**Recorded data**.
::::

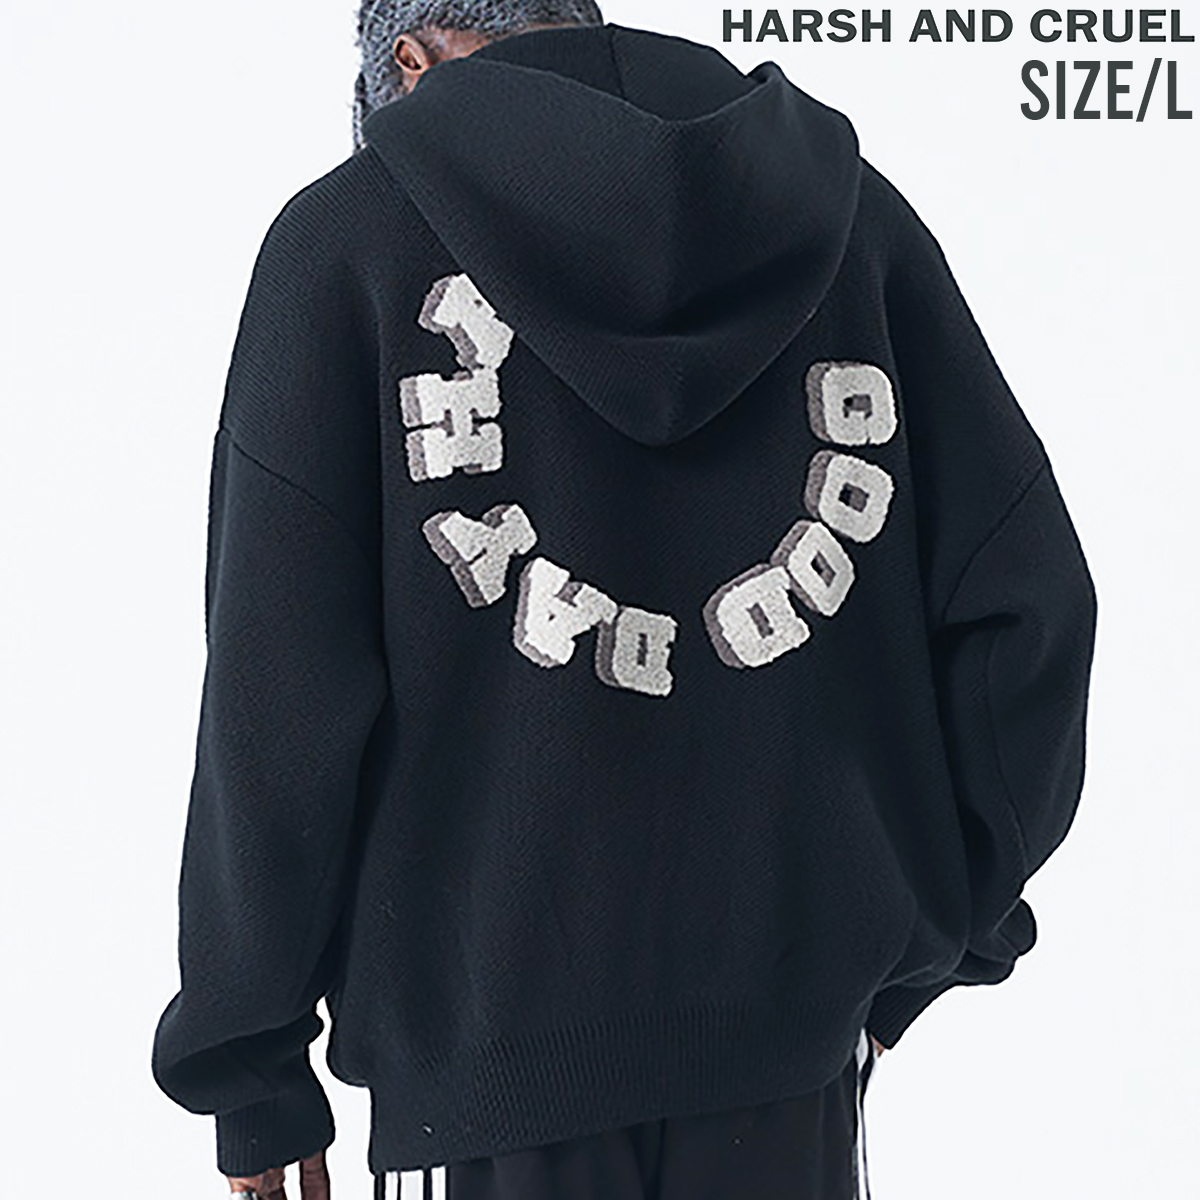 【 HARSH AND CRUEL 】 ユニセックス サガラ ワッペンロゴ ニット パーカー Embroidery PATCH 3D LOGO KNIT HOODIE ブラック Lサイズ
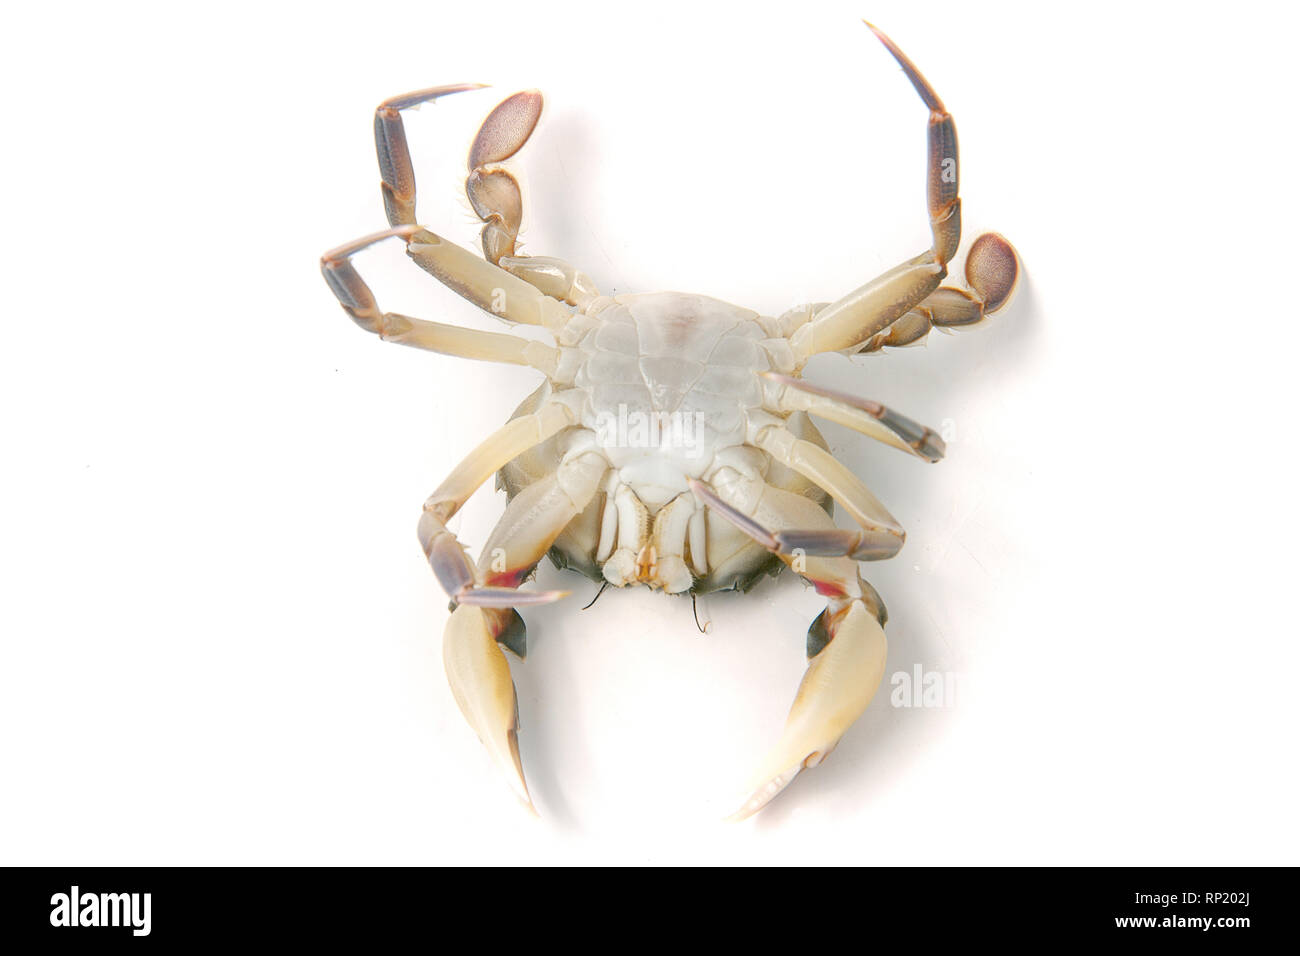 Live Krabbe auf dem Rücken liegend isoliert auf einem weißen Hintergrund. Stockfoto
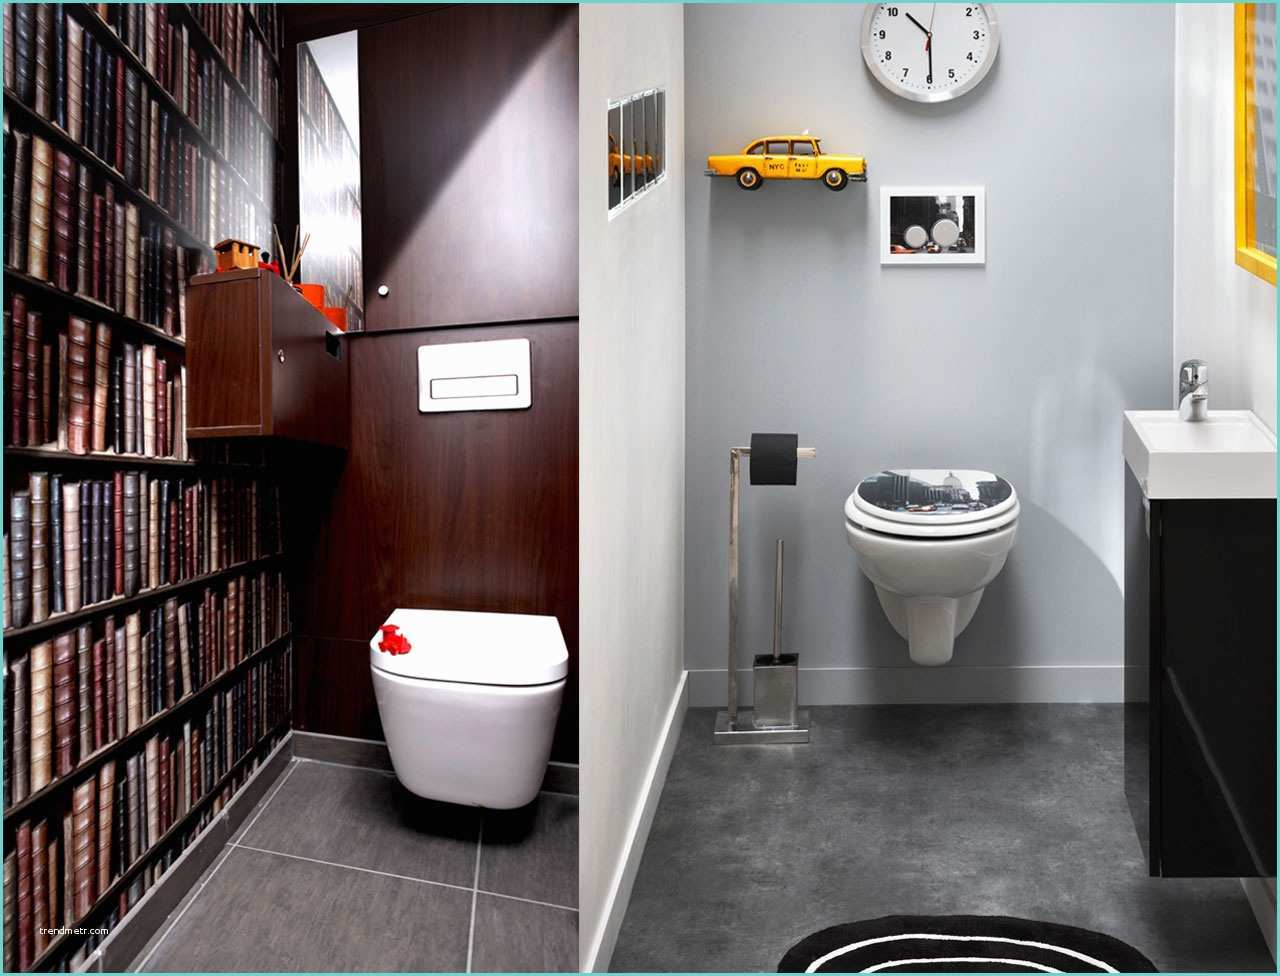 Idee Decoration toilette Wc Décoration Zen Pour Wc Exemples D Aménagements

::::

Give back the listing unchanged. Strip out the pictures.

**Answer below**.
 【 HARSH AND CRUEL 】 ユニセックス サガラ ワッペンロゴ ニット パーカー Embroidery PATCH 3D LOGO KNIT HOODIE ブラック Lサイズ
 Live Krabbe auf dem Rücken liegend isoliert auf einem weißen Hintergrund. Stockfoto
 Idee Decoration toilette Wc Décoration Zen Pour Wc Exemples D Aménagements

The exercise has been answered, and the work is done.